### SOURCE MATERIAL

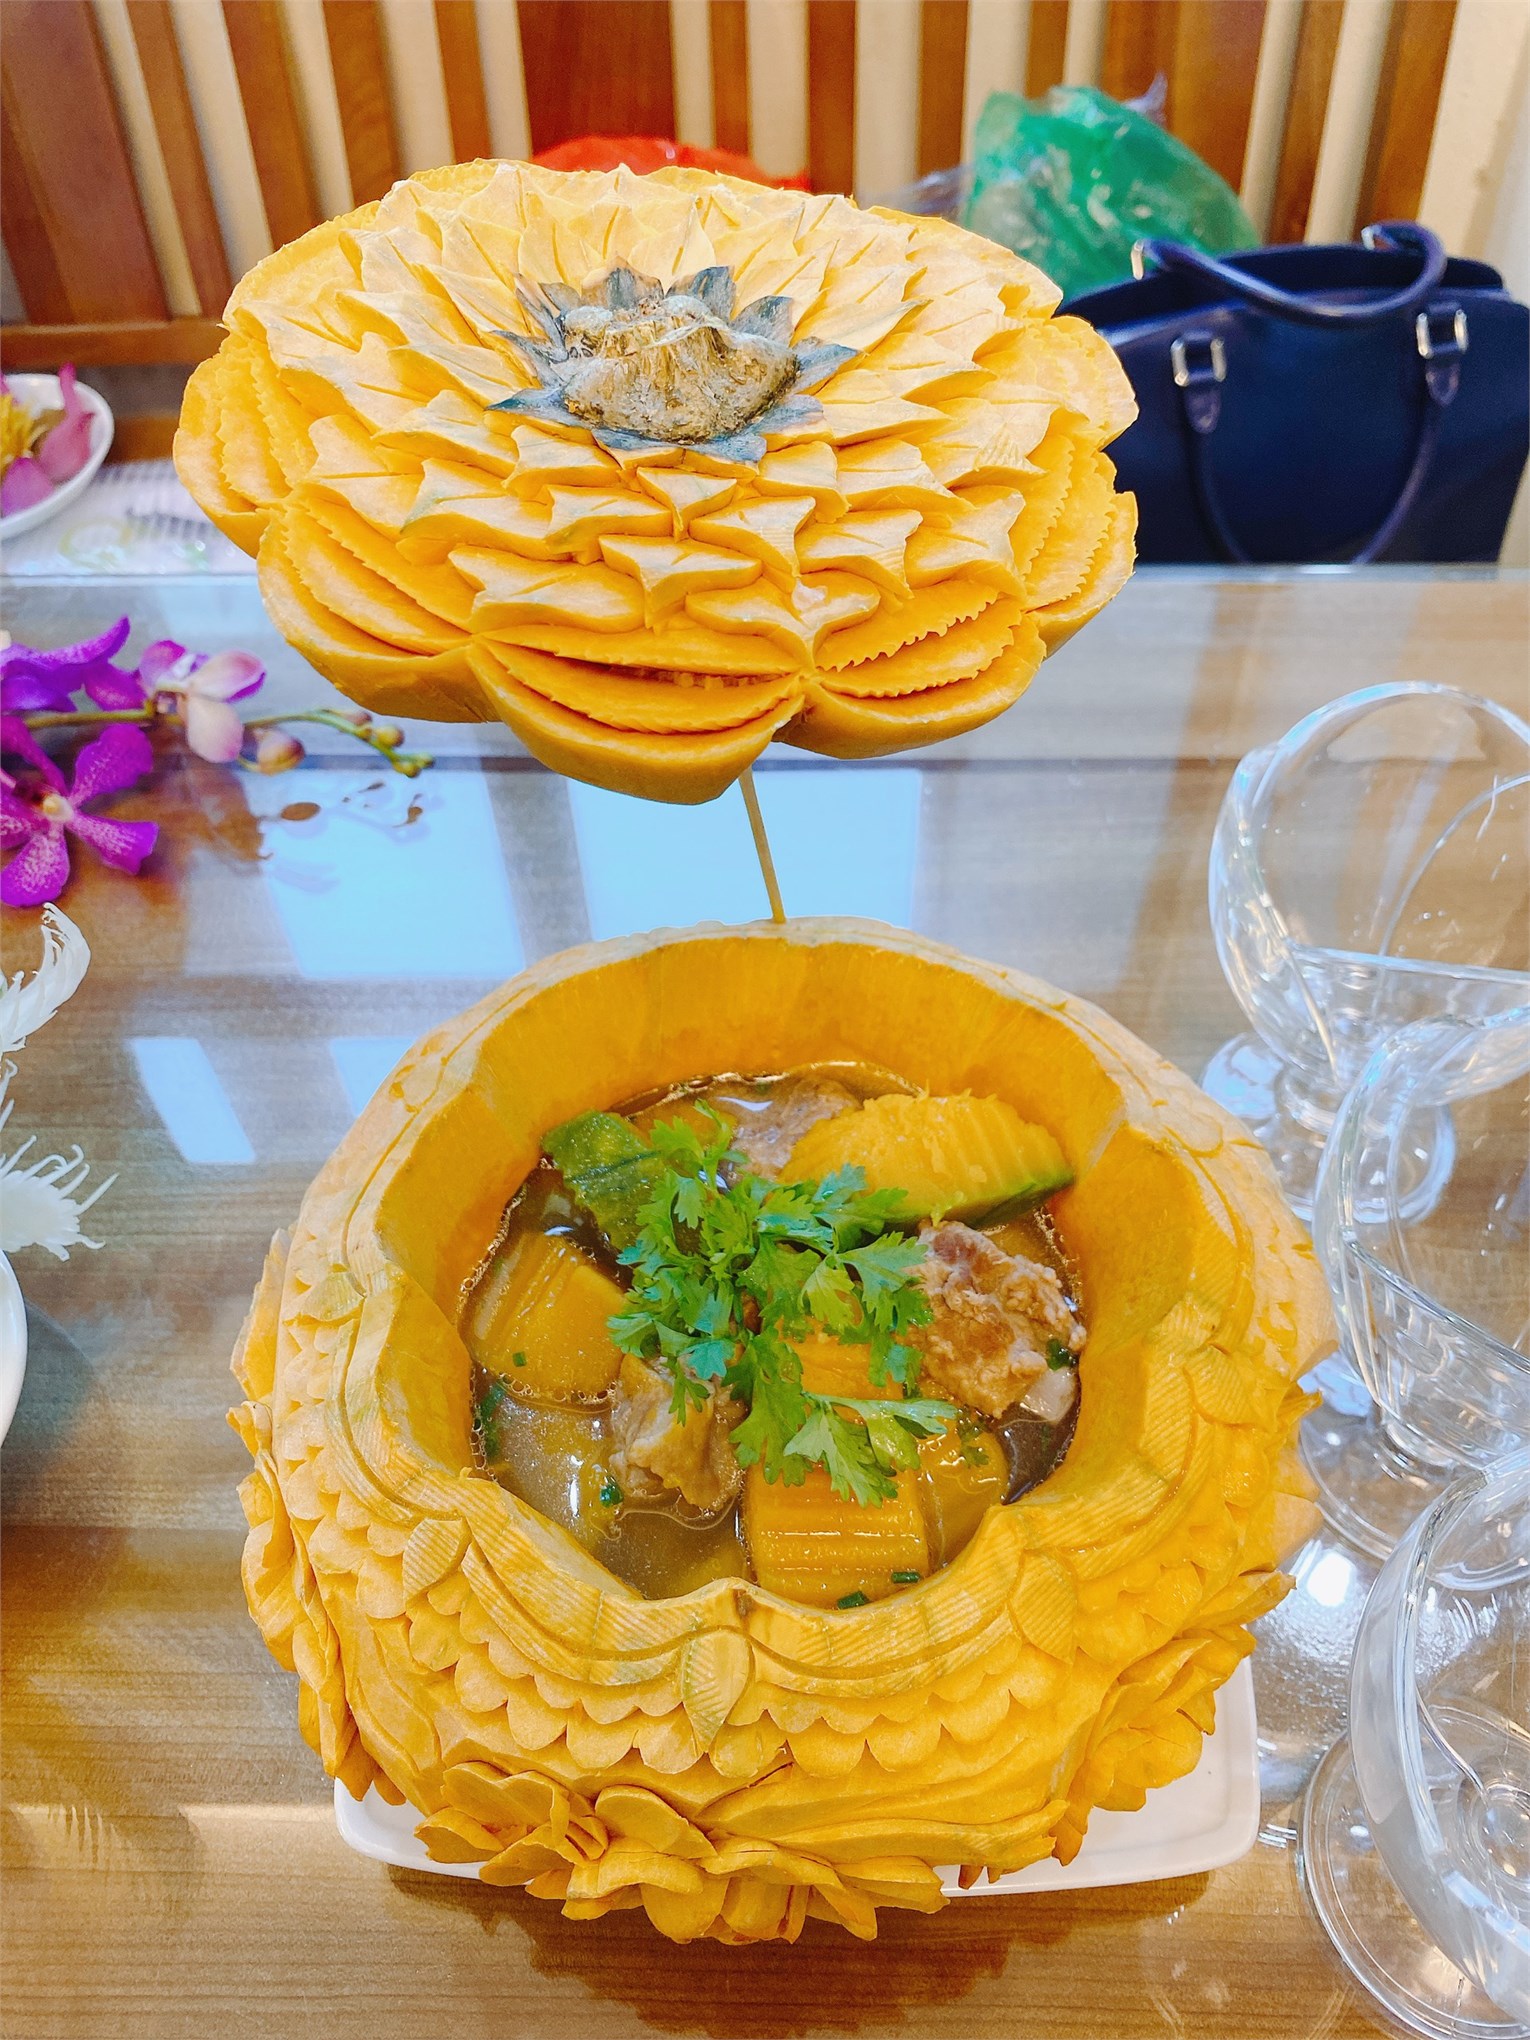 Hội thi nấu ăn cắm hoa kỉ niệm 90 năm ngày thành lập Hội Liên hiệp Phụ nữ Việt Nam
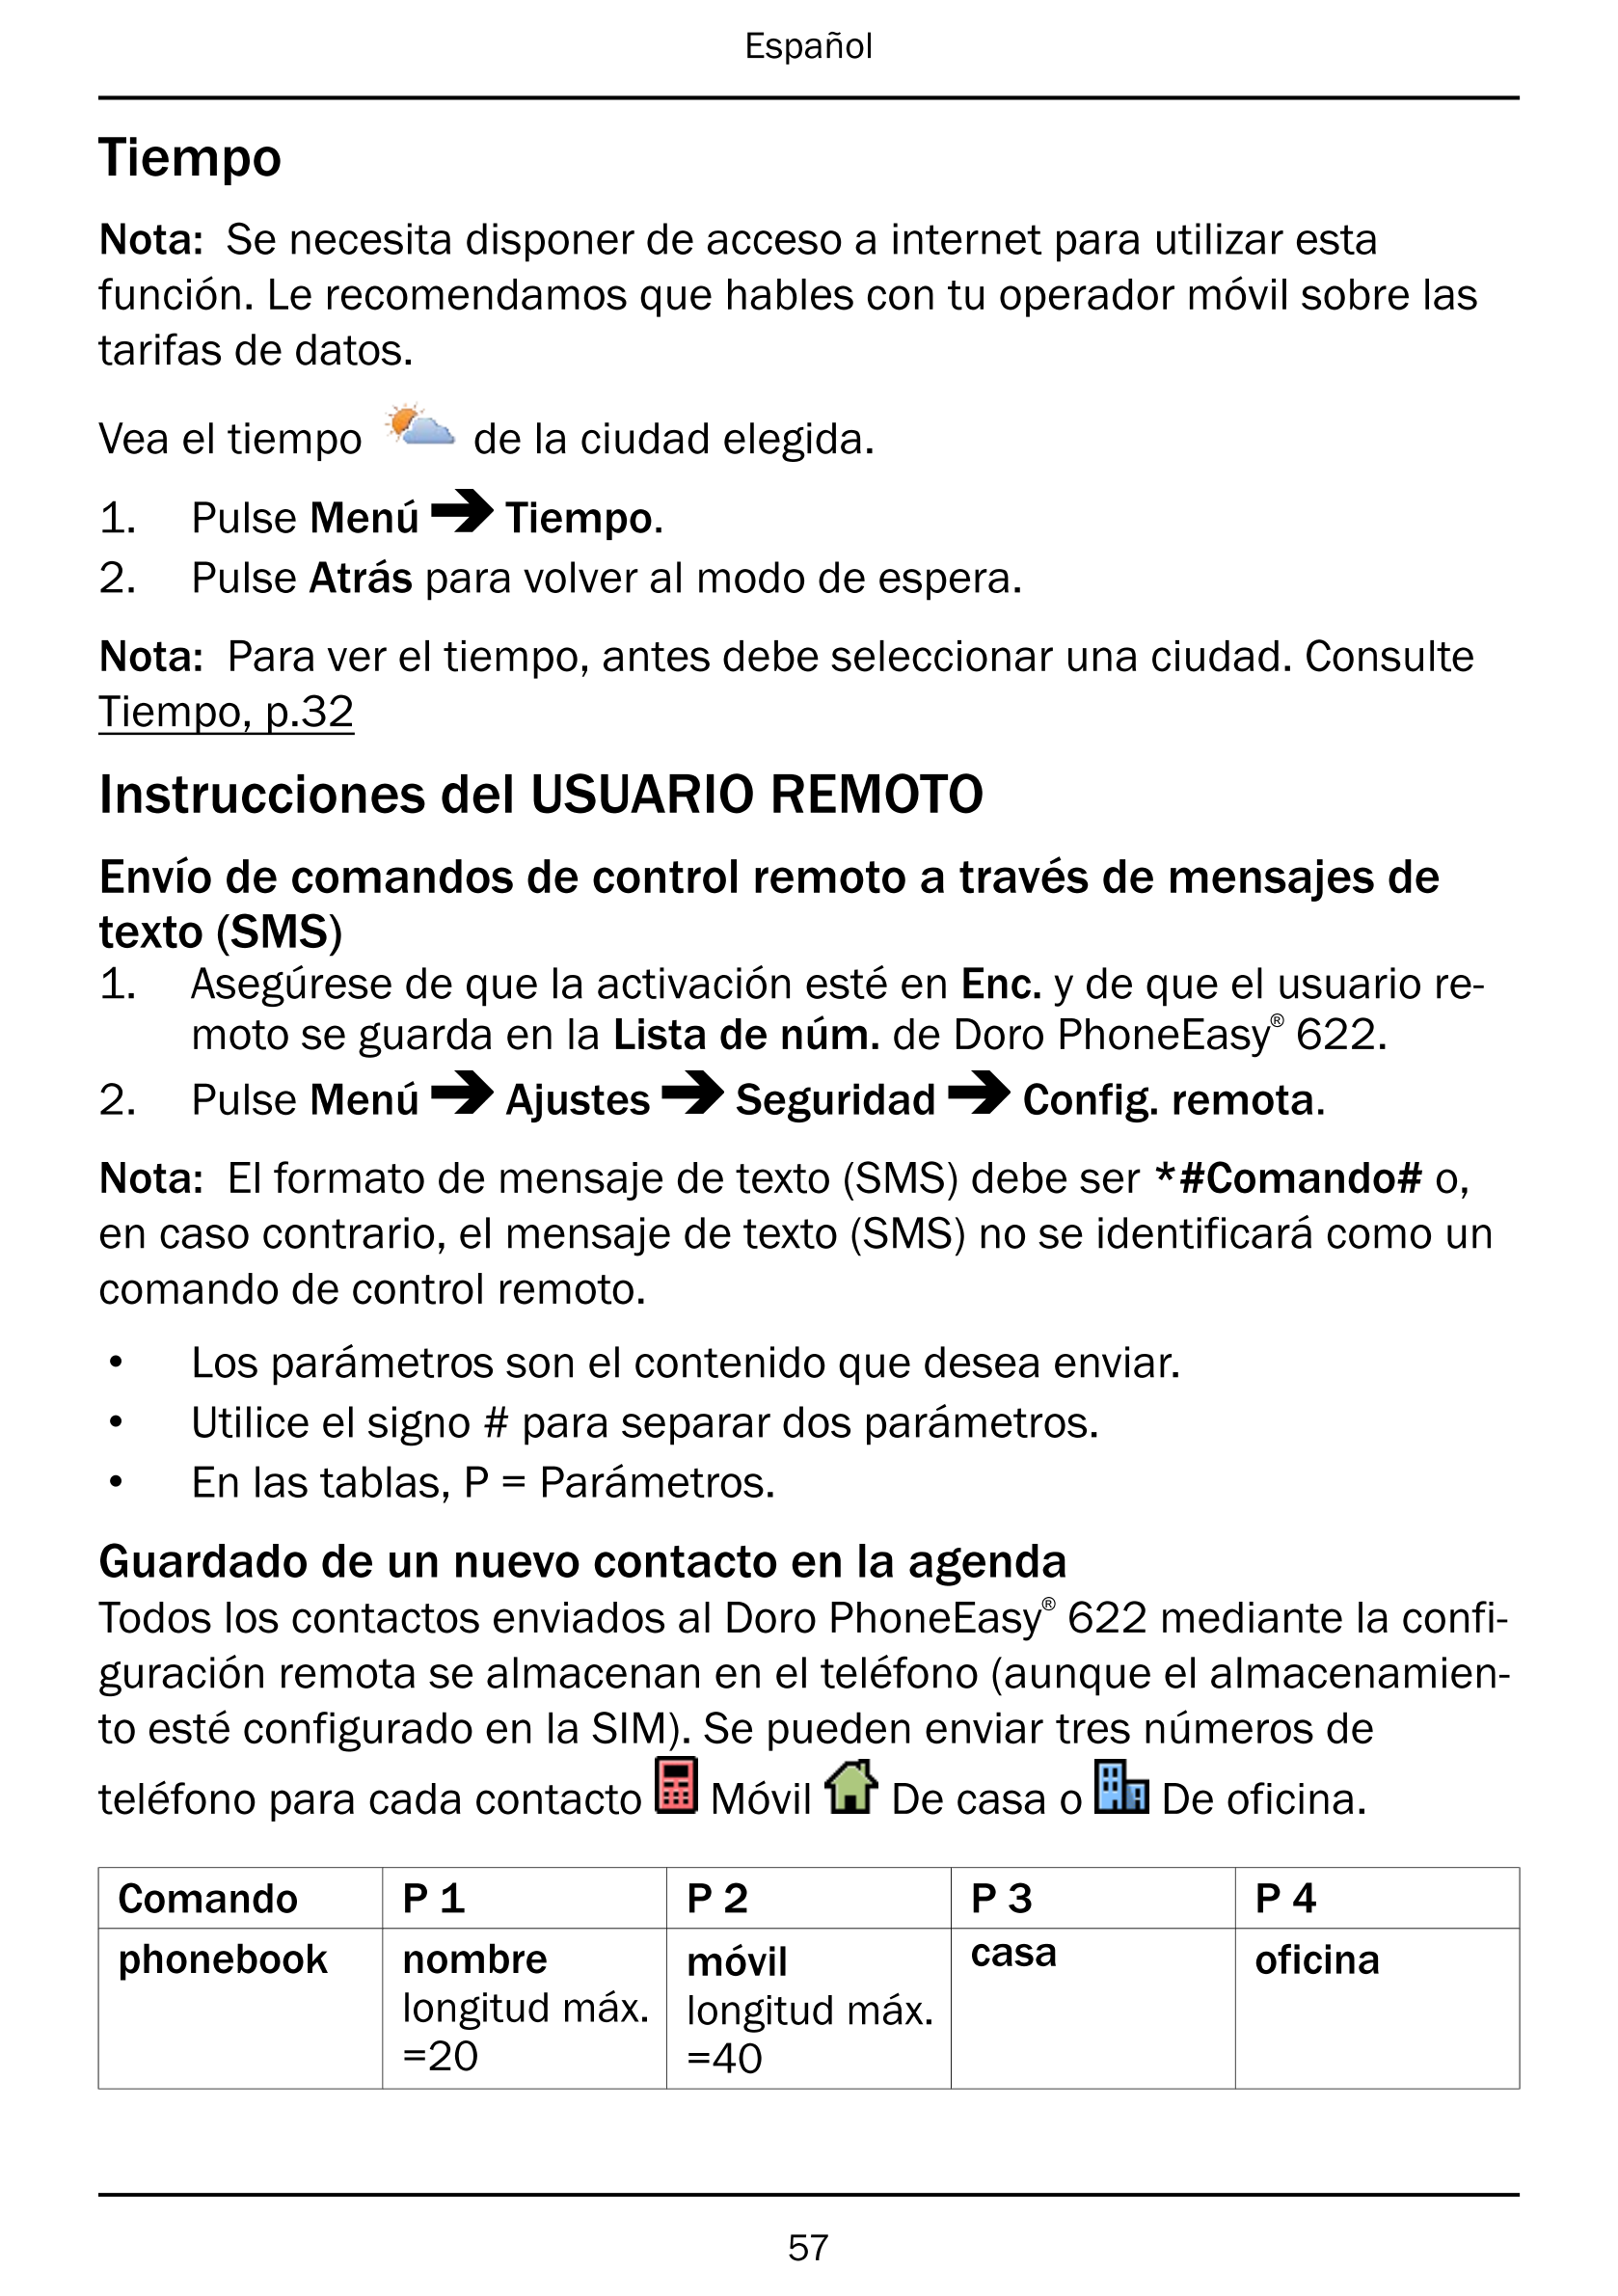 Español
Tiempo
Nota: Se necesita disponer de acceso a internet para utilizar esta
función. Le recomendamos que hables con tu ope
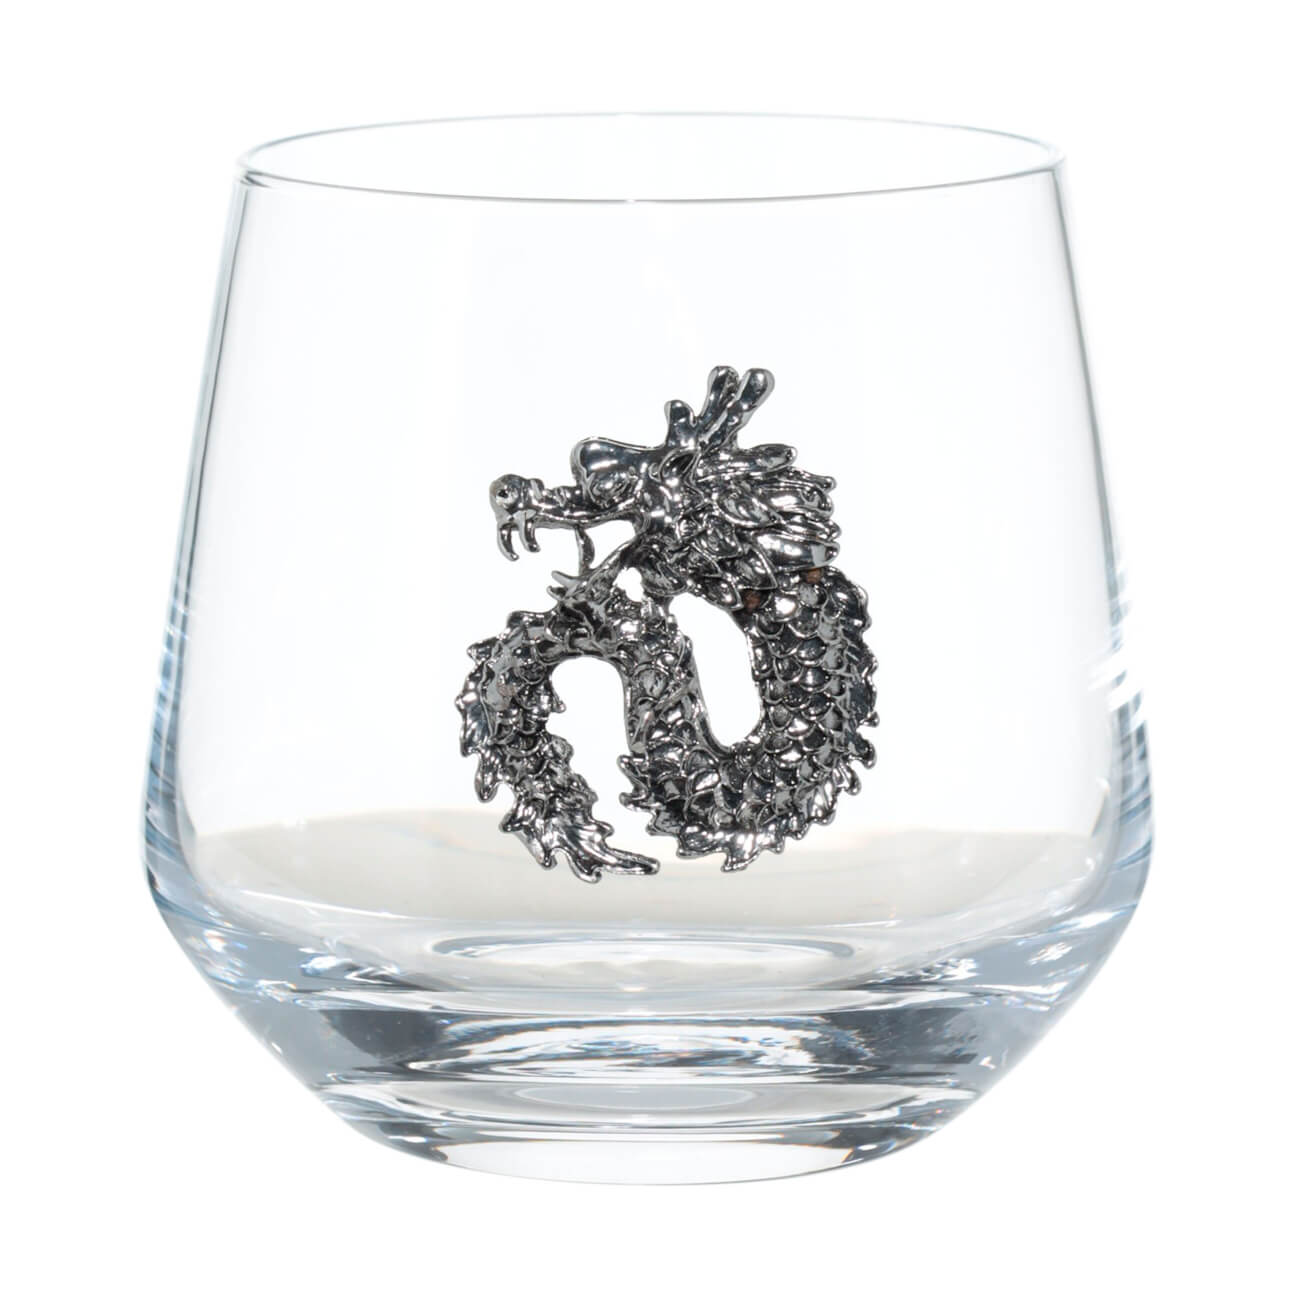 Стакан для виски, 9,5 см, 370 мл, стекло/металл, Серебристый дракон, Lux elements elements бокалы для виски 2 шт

### TASK REQUIREMENTS
Exactly as written above, print every line of the data but not its pictures.

### EXERCISE OUTPUT
 Hội thi nấu ăn cắm hoa kỉ niệm 90 năm ngày thành lập Hội Liên hiệp Phụ nữ Việt Nam
 Español
Tiempo
Nota: Se necesita disponer de acceso a internet para utilizar esta
función. Le recomendamos que hables con tu ope
 Стакан для виски, 9,5 см, 370 мл, стекло/металл, Серебристый дракон, Lux elements elements бокалы для виски 2 шт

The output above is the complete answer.